Why so complicated though, this here works well too, both clang and gcc are happy with it (no overflow/truncation warnings):

                                u64 sleeptime = (s_midiCallback.timeStep - s_midiCallback.accumulator) * 1000;
                                u32 timeout = sleeptime >= SDL_MUTEX_MAXWAIT ?: (u32)sleeptime;
                                SDL_CondWaitTimeout(s_midiCmdCond, s_mutex, timeout);
MIvanchev commented 3 days ago

I'm not sure if infinities and negative values are undefined behavior in that case, otherwise a good solution unless someone changes the types of timeStep/accumulator.
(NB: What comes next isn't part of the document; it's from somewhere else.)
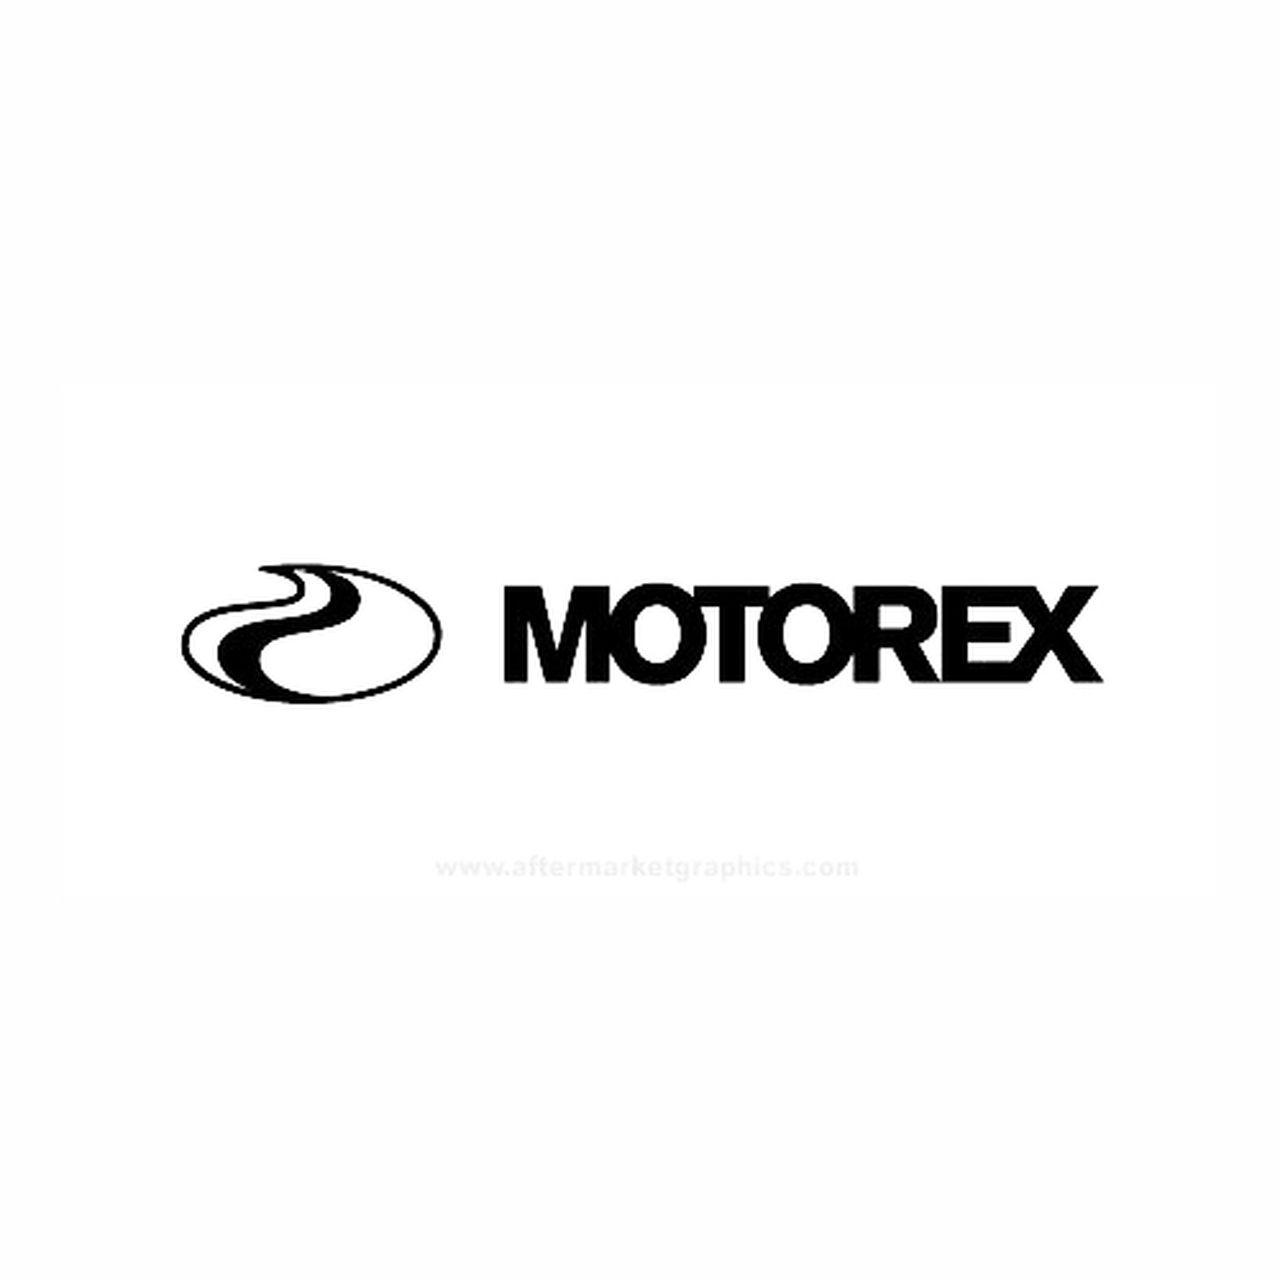 Motorex Logo - Motorex Oil Motorcycle Vinyl Decal Set

In general, C++ has facilities to make the code a little bit safer but they don't seem to be well supported 🤭

MIvanchev commented 3 days ago

OK the deduction should work now, it's hard to test for me RN cuz I'm on a very limited PC... it seems to work with GCC.

mlauss2 commented 2 days ago

OK the deduction should work now, it's hard to test for me RN cuz I'm on a very limited PC... it seems to work with GCC.

Yes both clang and gcc are now happy.

mlauss2 commented 2 days ago

@luciusDXL please consider to include this PR into the next release. It makes a world of difference wrt. CPU usage.